▸ **Description of the task**
Restate exactly the lines below, from the one containing "Movie, The Amazing" through the final line, and leave out the pictures.

▸ **Supplied material**
[Start of section]

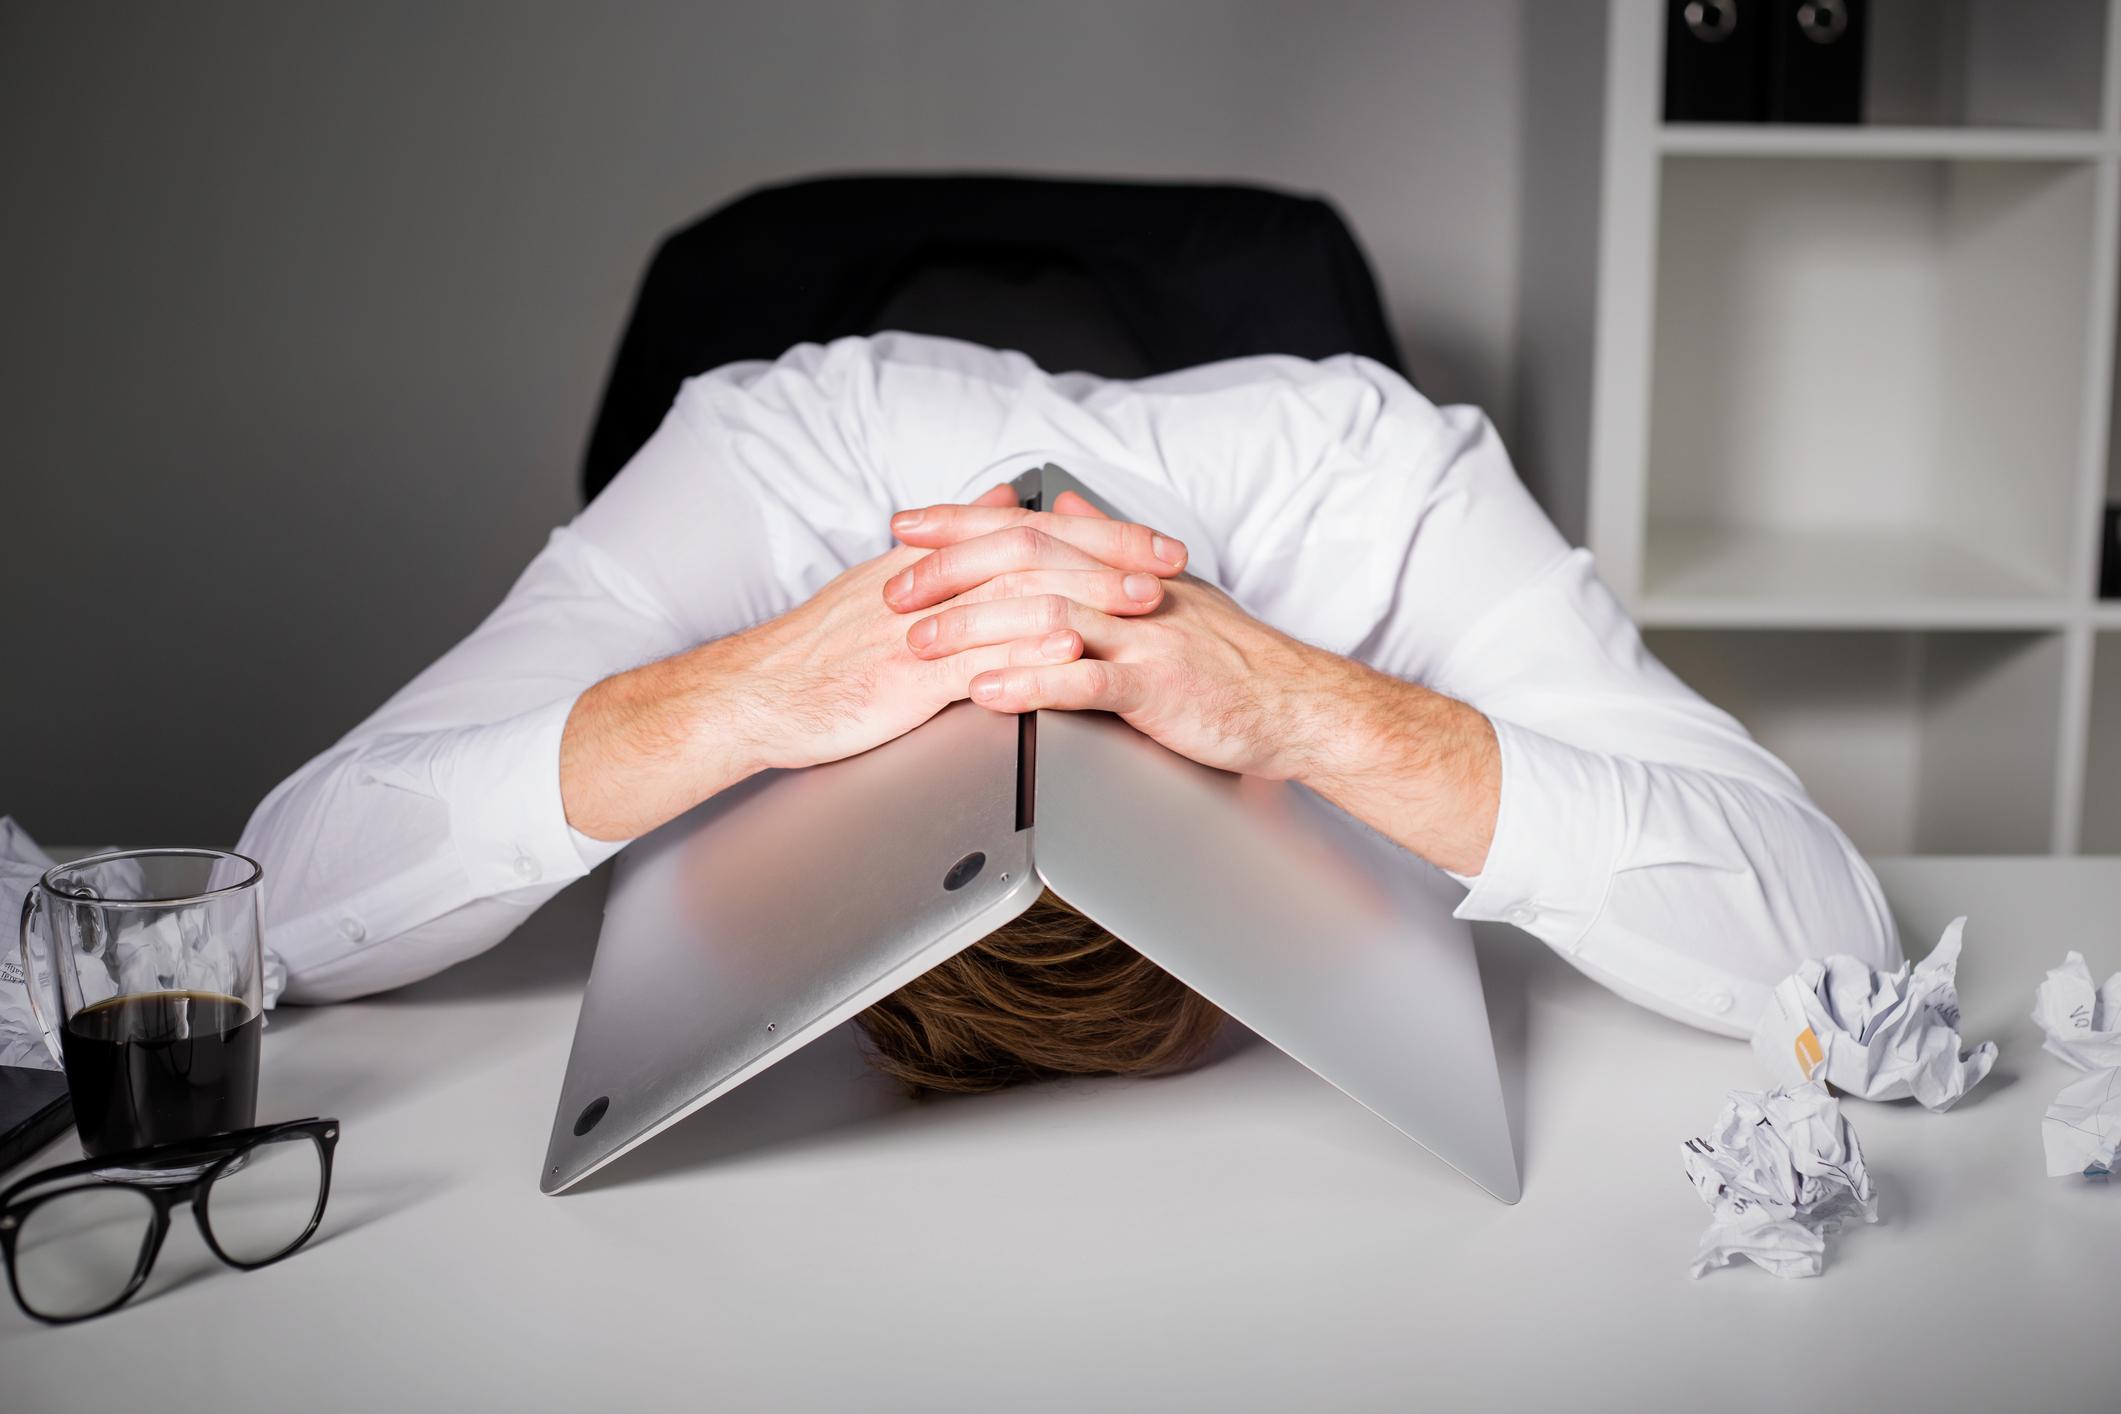 An upset man hides under his laptop.
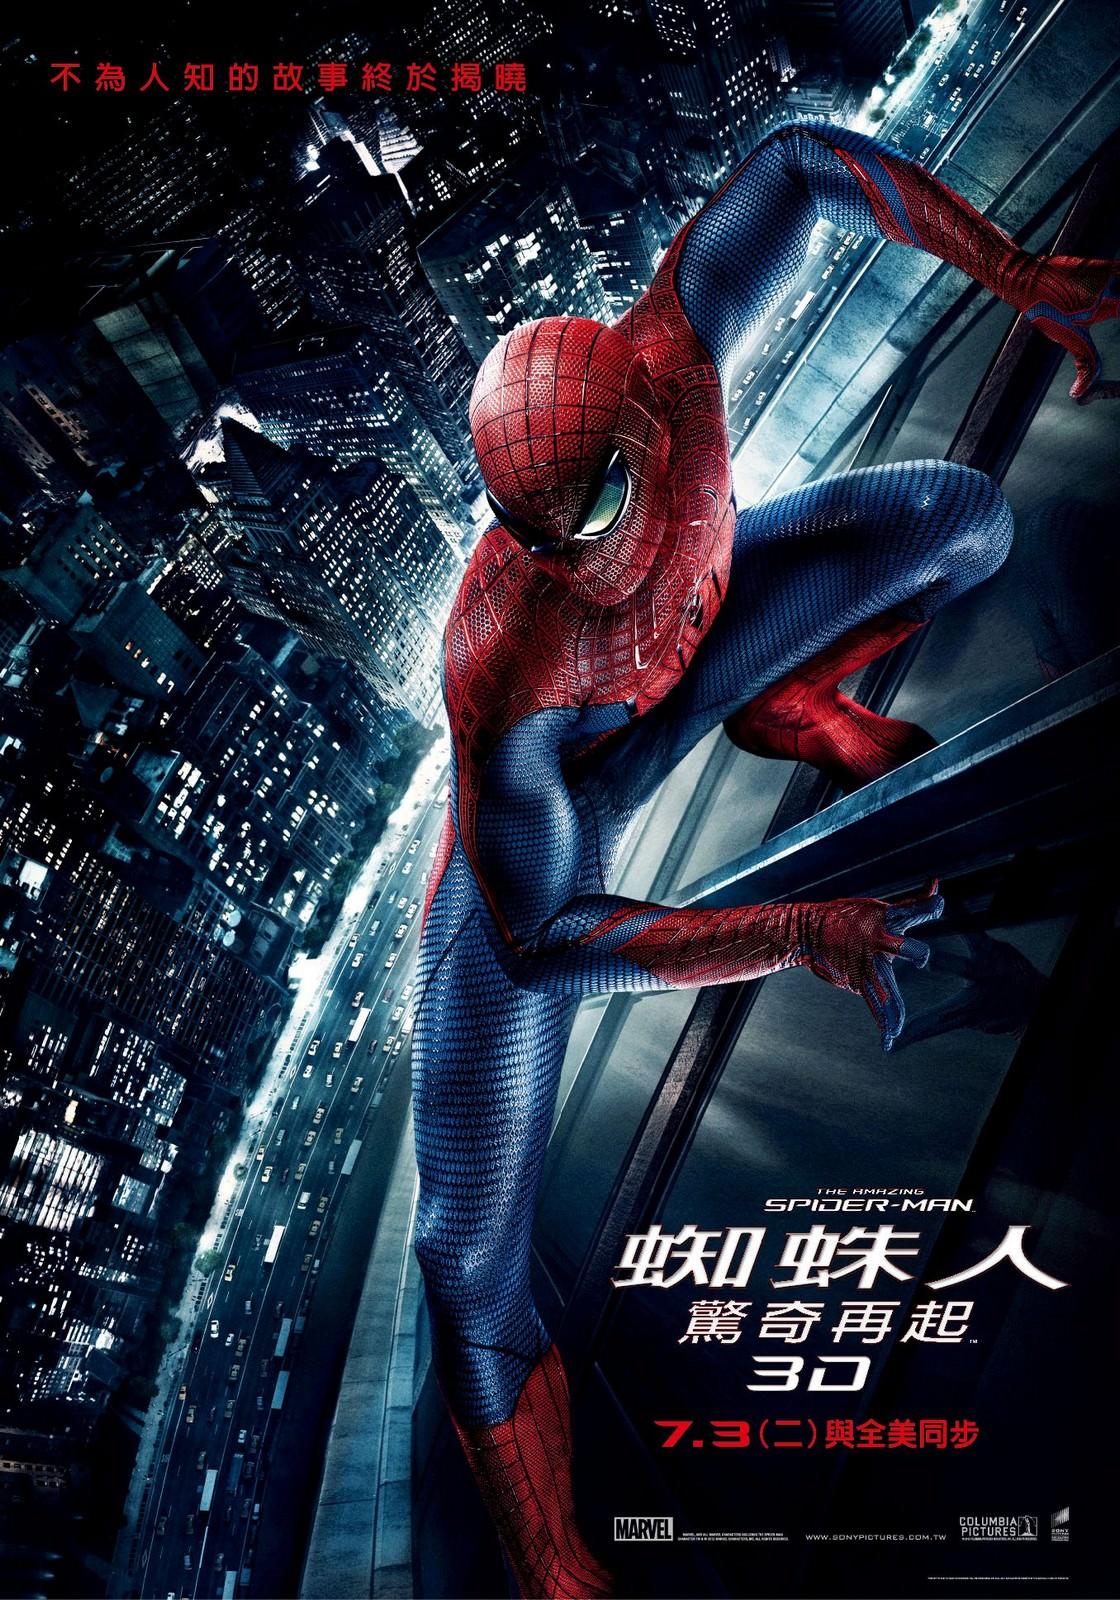 Movie, The Amazing Spider-Man(美國, 2012年) / 蜘蛛人:驚奇再起(台灣) / 超凡蜘蛛侠(中國) / 蜘蛛俠:驚世現新(香港), 電影海報, 台灣
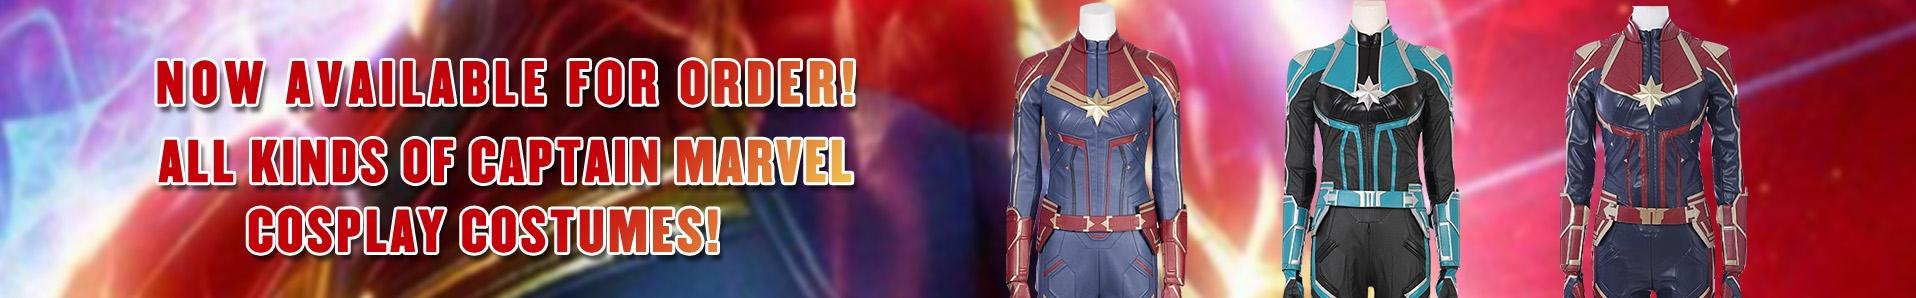 2019 captain marvel movie starforce cosplay costumes

[End of section]

▸ **Response for this exercise**
 Movie, The Amazing Spider-Man(美國, 2012年) / 蜘蛛人:驚奇再起(台灣) / 超凡蜘蛛侠(中國) / 蜘蛛俠:驚世現新(香港), 電影海報, 台灣
 2019 captain marvel movie starforce cosplay costumes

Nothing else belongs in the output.